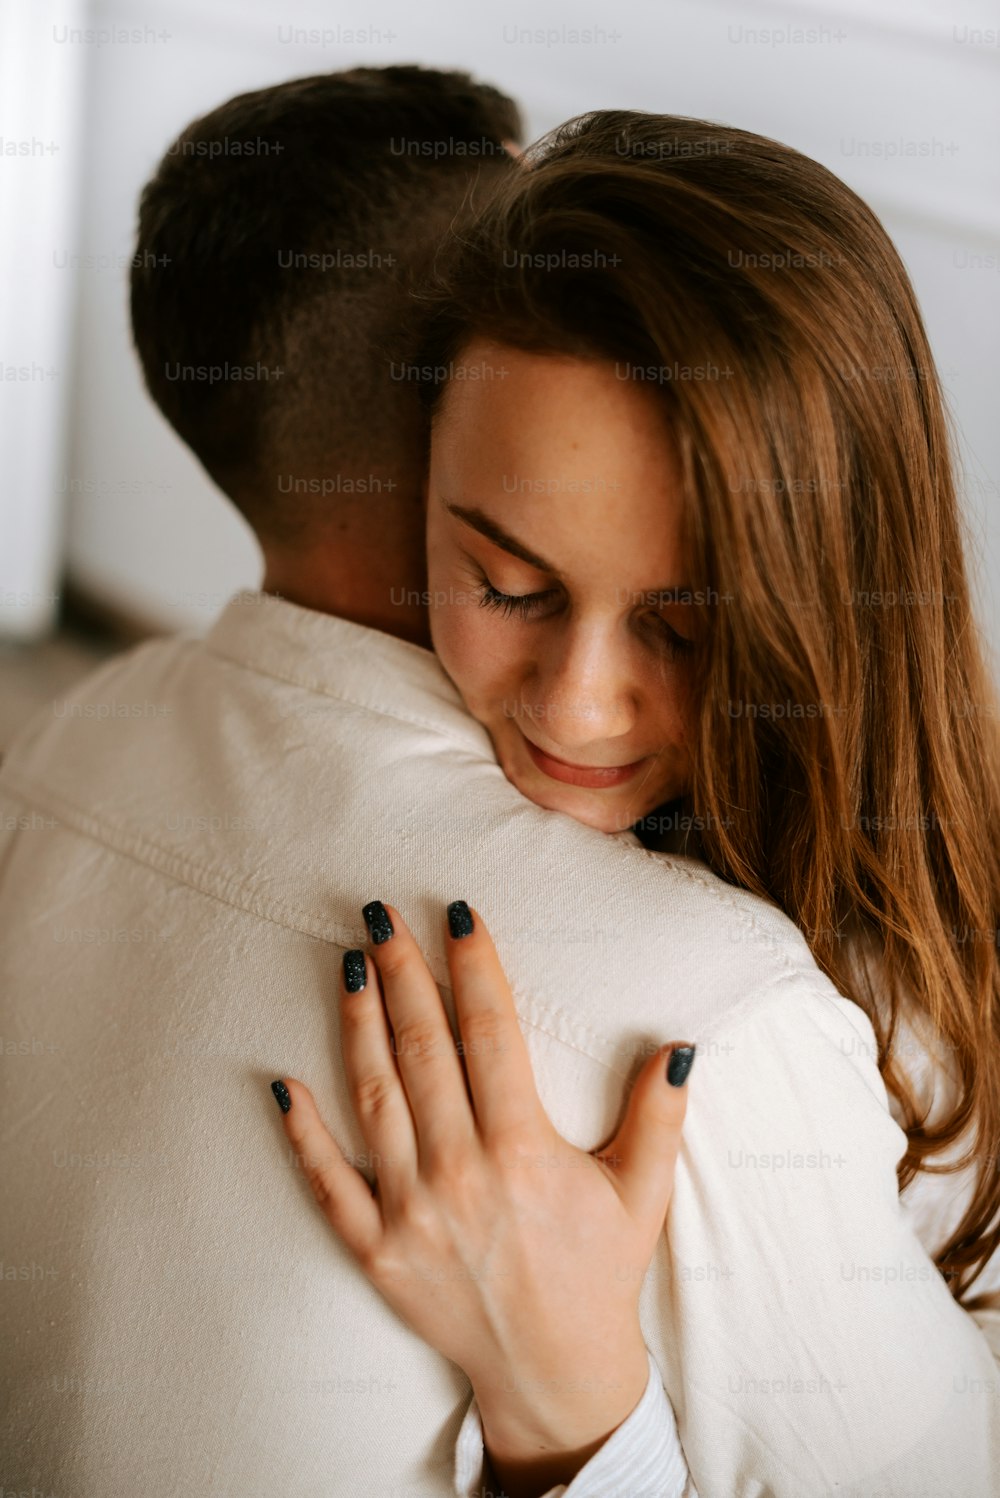 a woman hugging a man in a white shirt
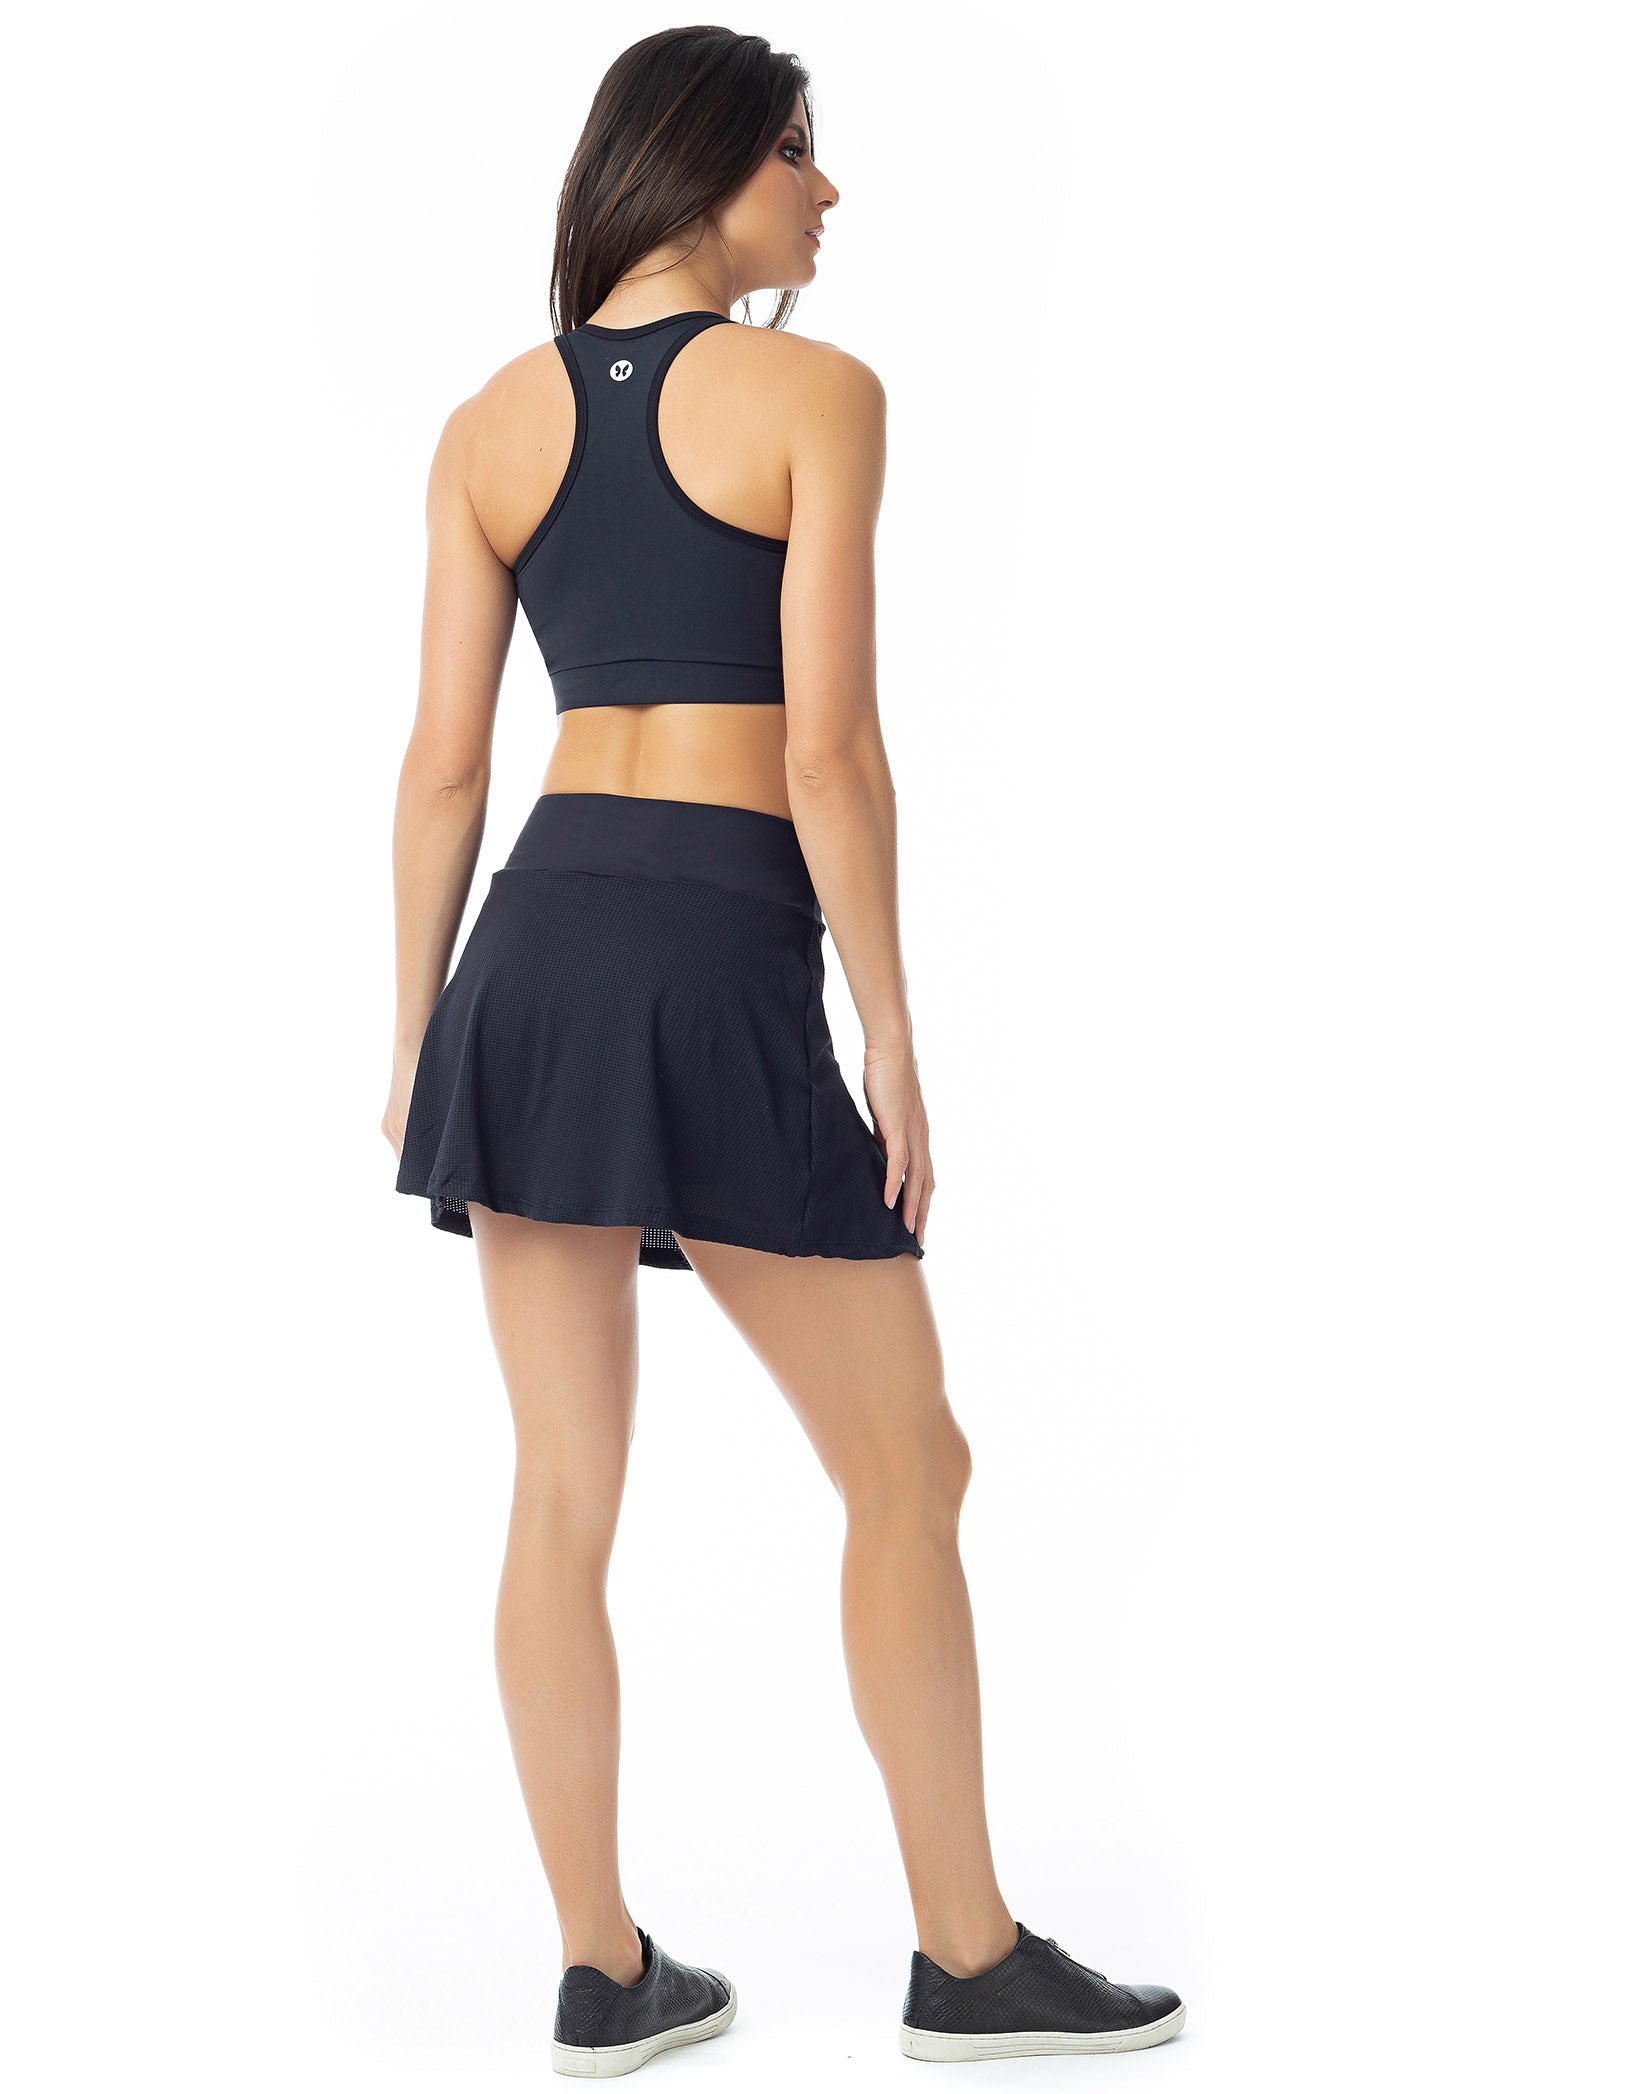 Vestem - Black Camy Skirt - SA126.ESS.C0002
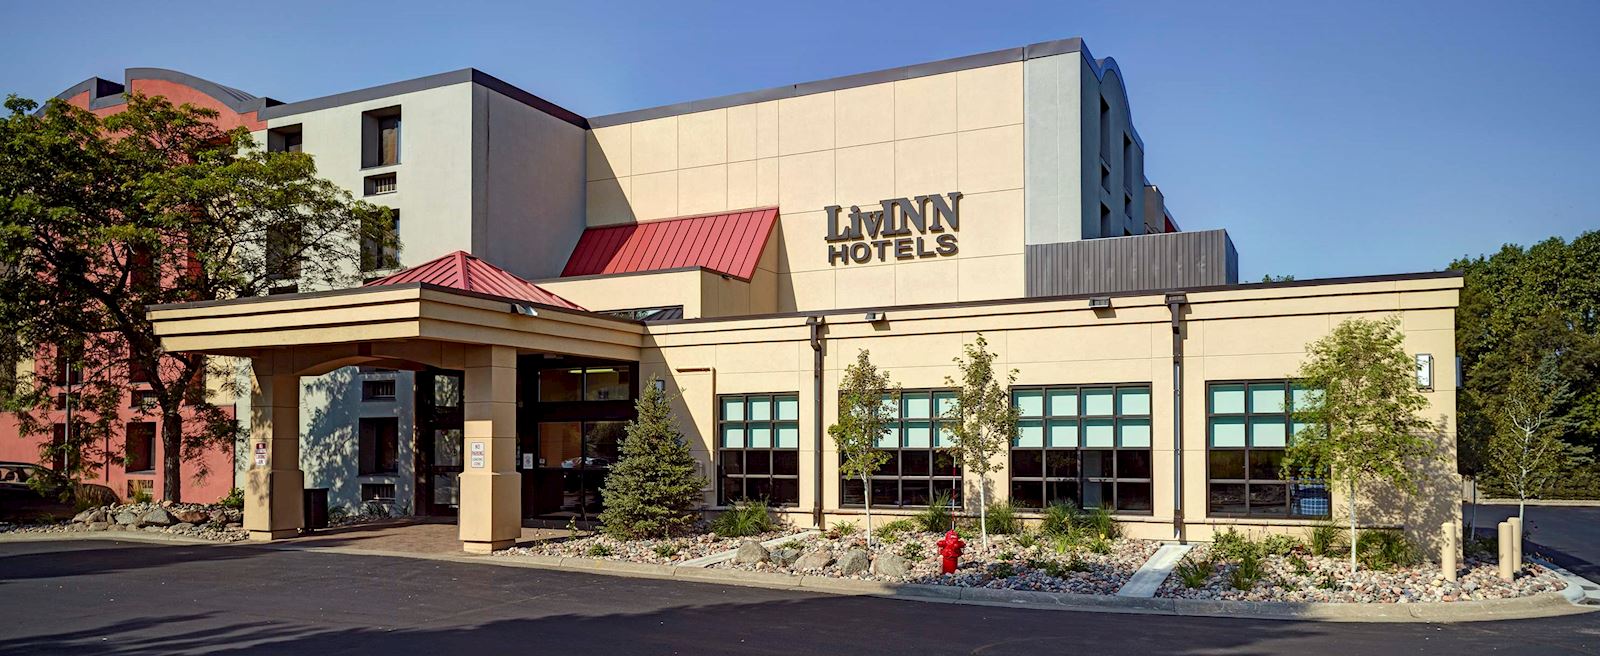 LivINN Hotels Minneapolis, Minnesota
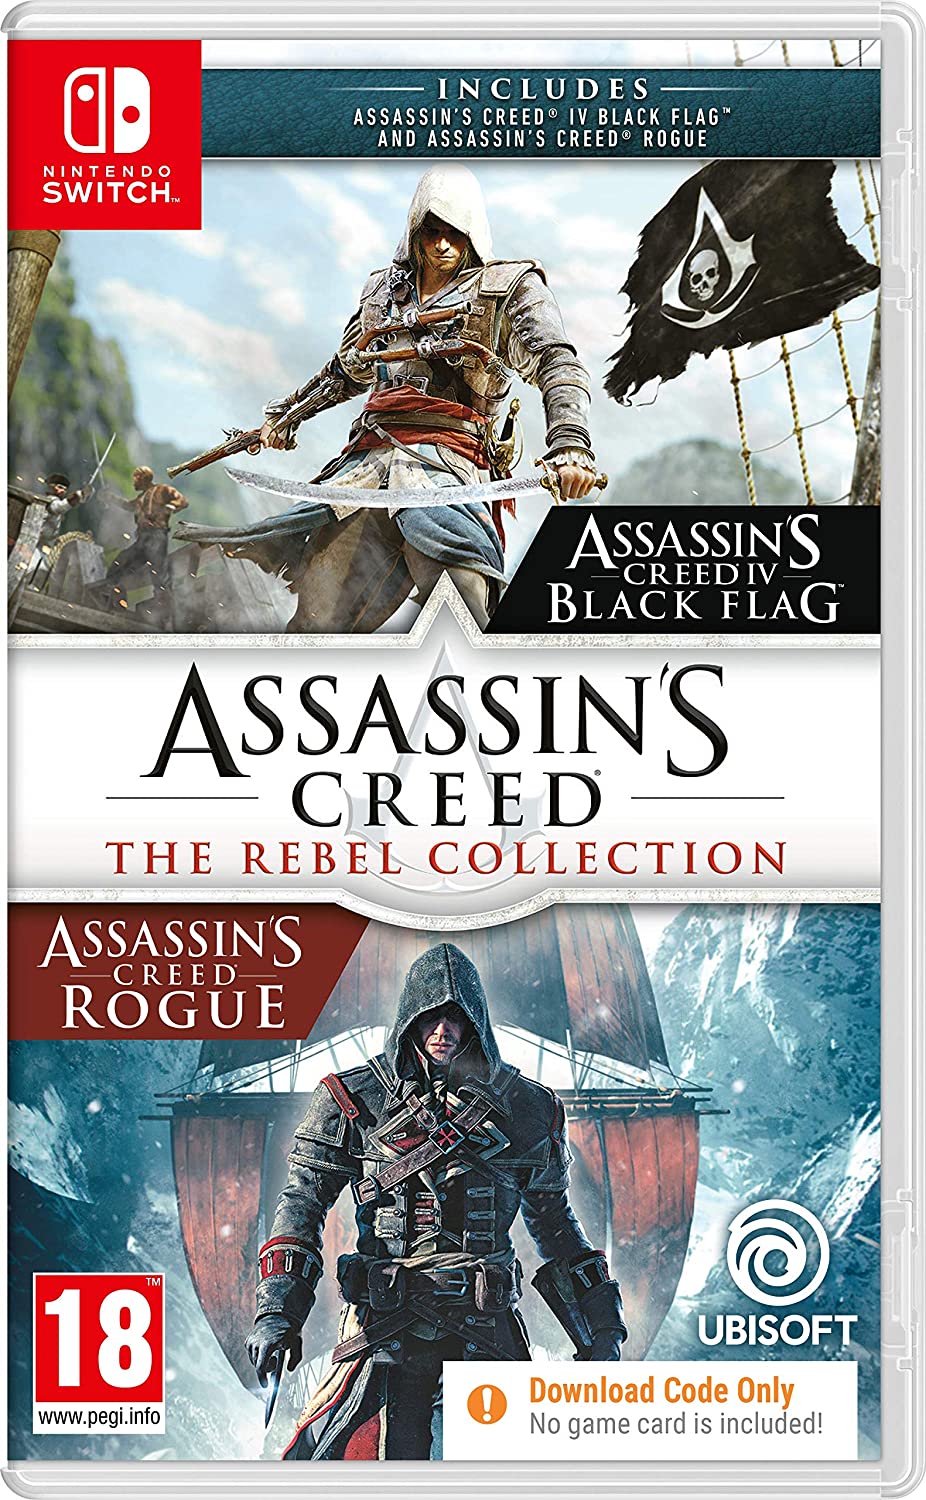 Assassin's Creed : la collection rebelle sur Nintendo Switch.
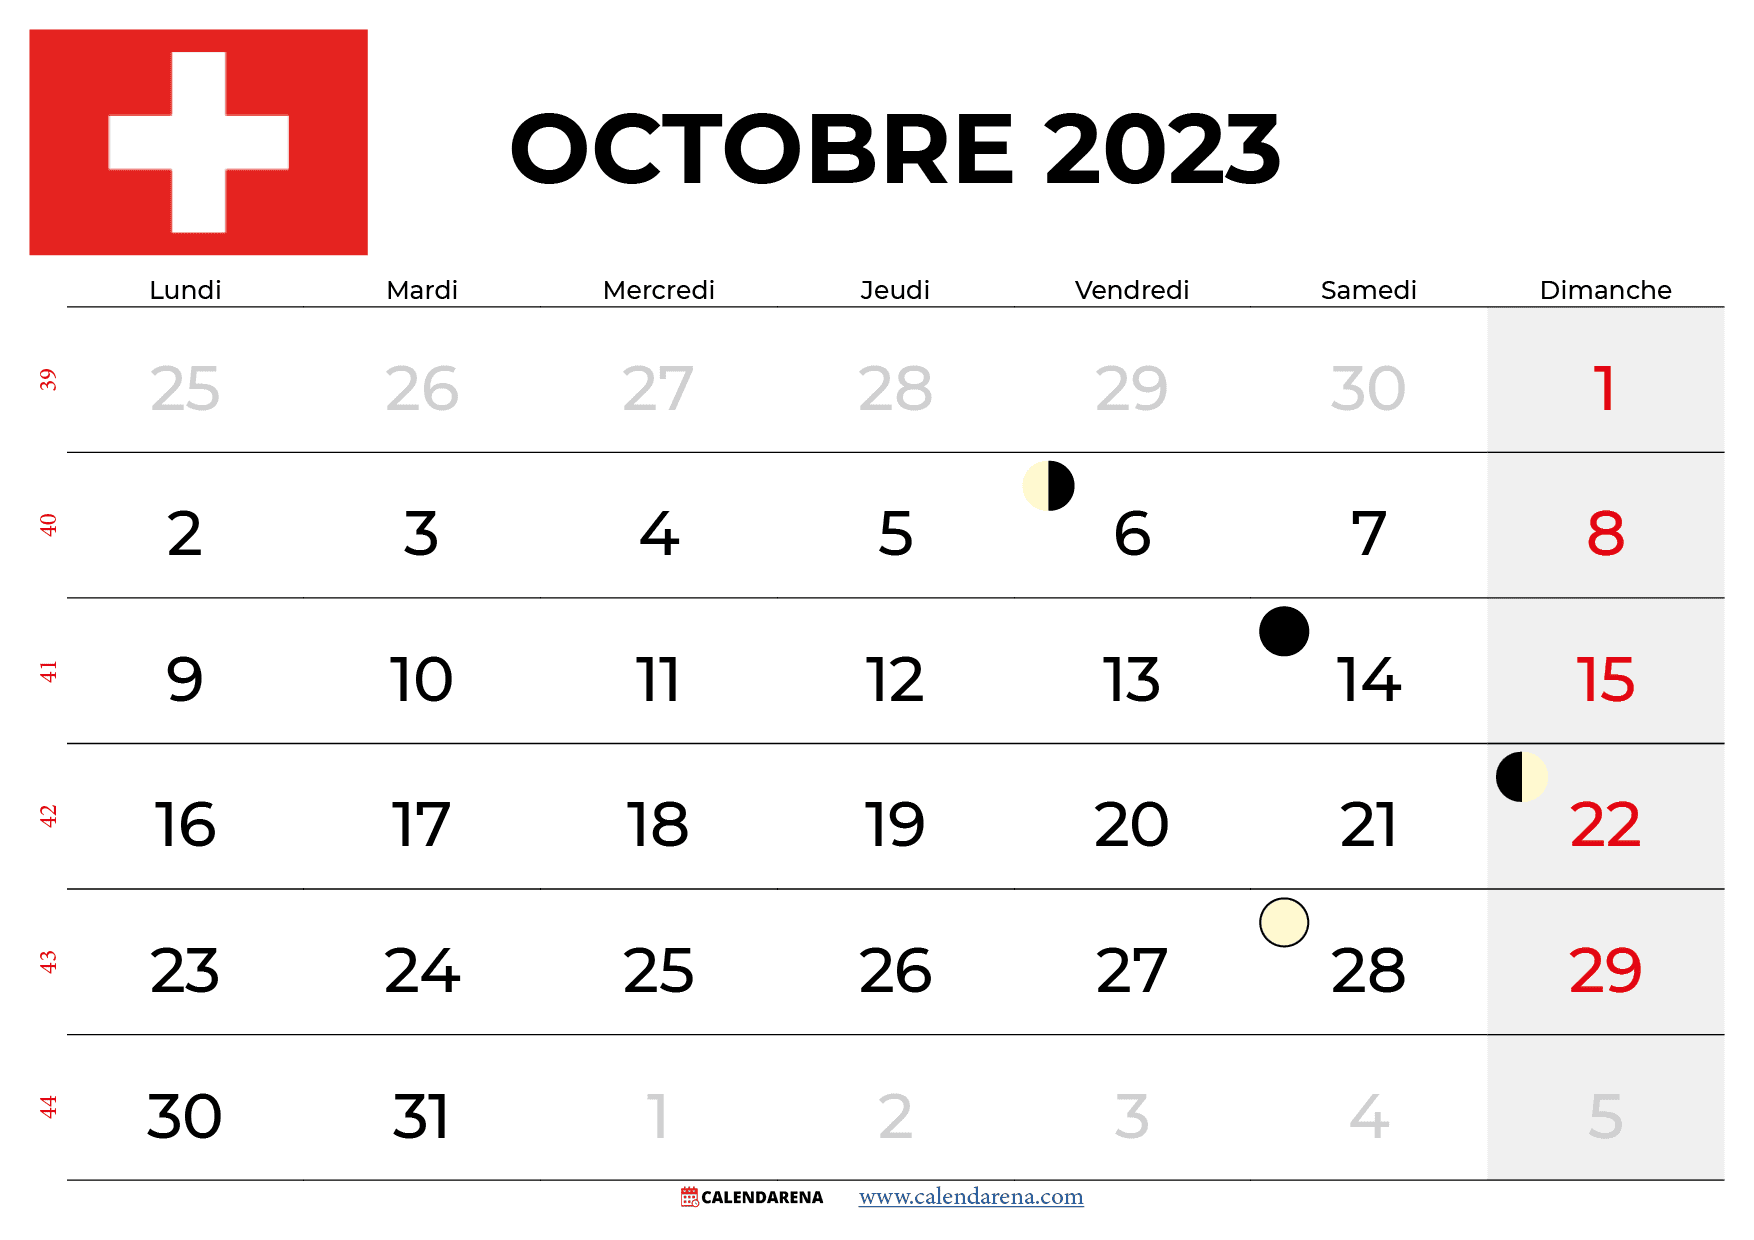 calendrier octobre 2023 suisse

-*-*-

Exclude the pictures and reproduce every entry exactly.

EXERCISE RESPONSE.
 a woman hugging a man in a white shirt
 Vestem - Black Camy Skirt - SA126.ESS.C0002
 LivINN Hotels Minneapolis, Minnesota
 Assassin's Creed : la collection rebelle sur Nintendo Switch.
 calendrier octobre 2023 suisse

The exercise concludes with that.